So, when we’re writing, writing, writing, if we decide we want to be able to do for our missions and driving. You get up to almost a terabyte of data after driving that much. Those files are so big and just completely unwieldy and unusable once we try to port them back to the back end.

Copying and dealing with files of that size was just really a problem. So, we changed the way we recorded and we took advantage of some of the basic nature of how the messages are. So, the messages all have types. So, protobufs have types and we know the type of information for each message. And they’re also published on topics.

So, like a typical message bus, there’s a topic that is the label of what the stream of messages are all about. And so, those topics are named nicely, and then, they’ll have timestamps. So, we have a very accurate clock. We can time, we know when the messages are being published and they’re being written to the disc. So, we can timestamp and make use of that as a way of organizing it.

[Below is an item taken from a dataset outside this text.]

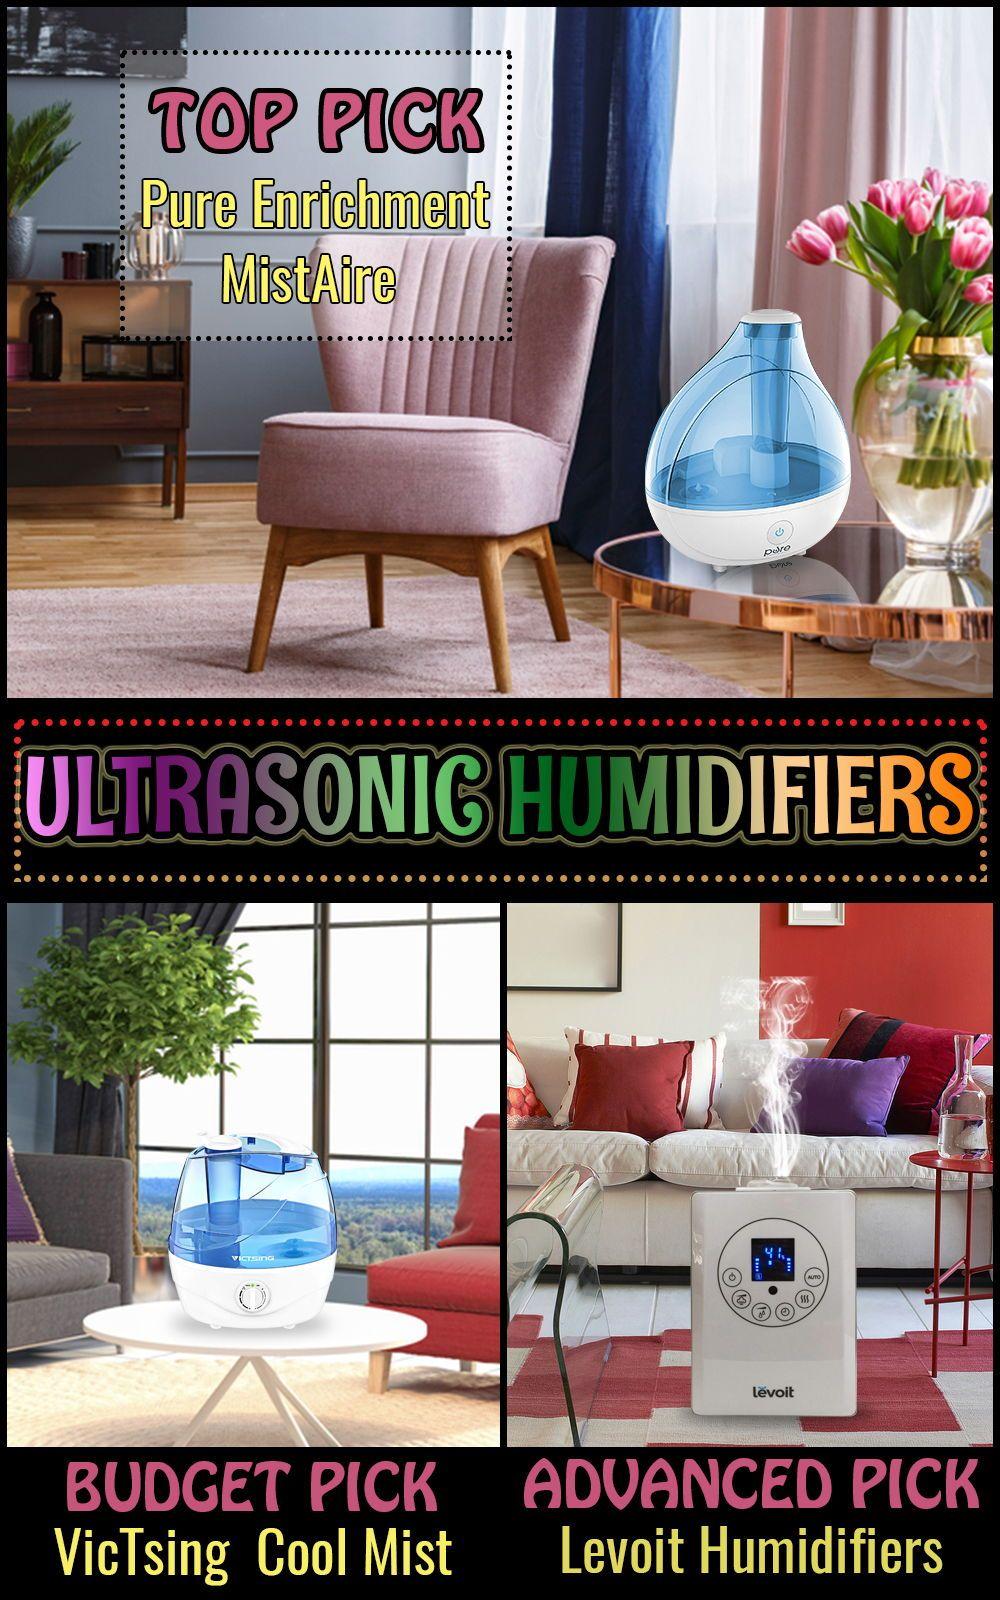 Top 10 Ultrasonic Humidifiers (Dec. 2019) Reviews

So, what we did is invented our own format that we call CHUM. So, it stands for chunked messages. It’s a funny name. Some people really hate it, but it’s funny and it caught on. So, the idea of this, I think of it like a strip recorder, if you’ve ever seen those old school with all the pens that are wiggling and writing on the paper. It’s sort of the same thing.

So, each topic is being written in its own file and at the end of every minute we close the file, flush it, and then, start the next file in the next directory. So, there is a directory tree full of files at the leaf, and the directories are all based on time. And then, the files are the topics for that one minute window.

So, you have this one minute that you’re writing the topics, and then, the window closes. You write, and then, move on to the next one. So, the intersection of a topic in a minute gives you a chunk. So, it works really well because we can write continuously and, in theory, you could be writing and uploading the data from an hour ago at the same time you’re writing new data. We don’t actually do that in practice, but, in theory, we could do that because it’s just this continuous flow of writing.

So, we did invent this. So, this is something that is our own proprietary thing, but we built it on top of open source, lower-level libraries because we don’t want to reinvent everything all the way down. So, we built it on top of the SSTs, the SS Tables, sorted string tables, that are the low level storage platform that the Google’s Level DB database builds on top of.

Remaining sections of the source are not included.